Securities Featured Cases

CMHT settles Globalstar securities fraud case for $20M during trial - one of only a handful of securities class actions to go to trial since the passage of the PSLRA in 1995.

 

Isilon Systems, Inc.

Cohen Milstein is lead counsel in a lawsuit in the United States District Court for the Western District of Washington on behalf of its client and on behalf of other similarly situated persons or entities who purchased or otherwise acquired the common stock of Isilon Systems, Inc. (“Isilon” or the "Company") between December 14, 2006 and November 8, 2007, inclusive (the “Class Period”), against Isilon and certain of its officers, directors and affiliates for violations of the Securities Exchange Act of 1934, and on behalf of all persons or entities who acquired the common stock of Isilon pursuant and/or traceable to the Company’s false and misleading amended Registration Statement and Prospectus issued in connection with its initial public offering (the "IPO"), for violations of the Securities Act of 1933.

On April 18, 2008, Cohen Milstein filed a Consolidated Class Action Complaint, alleging that prior to and throughout the Class Period, Defendants engaged in revenue manipulation to artificially inflate Isilon’s revenue.  This revenue manipulation in turn enticed investors to purchase Isilon securities both during and after the IPO, artificially driving up the price of Isilon’s common stock. 

However, as the end of each successive quarter of the Class Period approached, it became increasingly difficult for the Defendants to maintain the charade of their reported artificially-inflated revenue since revenue that should have been recognized in current quarters had already been improperly recognized in prior quarters.  Ultimately, the Defendants no longer were able to maintain the sham, and in the Fourth Quarter of 2007 were forced to reveal that they no longer could manufacture enough fictitious revenue to meet expectations and would be forced to launch an internal investigation into the Company’s wrongful revenue recognition practices. 
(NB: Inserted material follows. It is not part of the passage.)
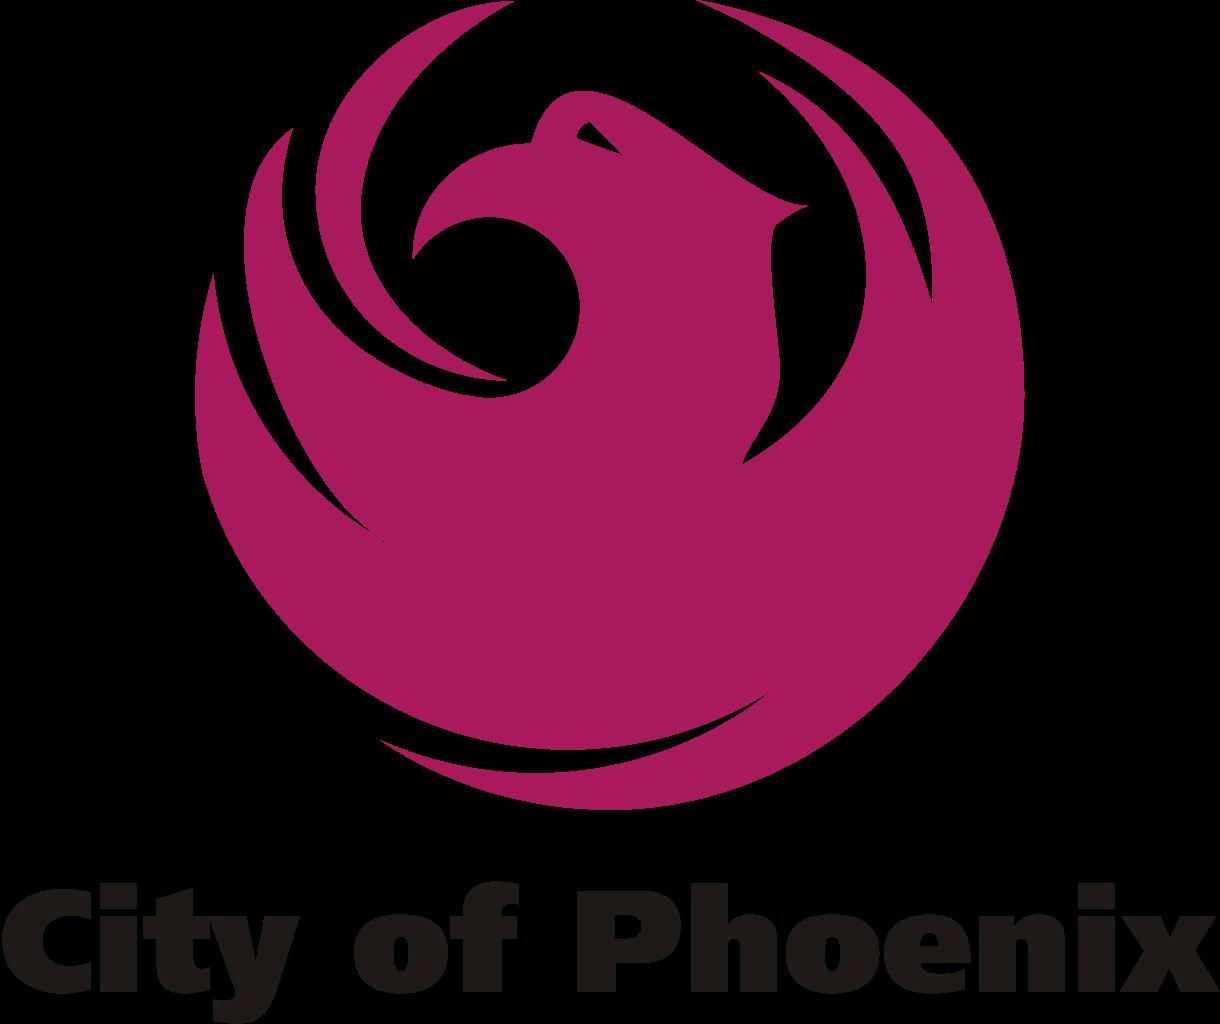 John F. Long Family Services (Phoenix Family Services)

This investigation led to the April 2, 2008 restatement of Isilon’s Class Period financial statements.  As the truth of Defendants’ revenue manipulation leaked out to the marketplace and the risks associated with this revenue manipulation materialized, the artificial inflation of Isilon’s share price was removed, causing Isilon’s stock price to drop and damaging investors who had purchased Isilon shares when the price was artificially-inflated.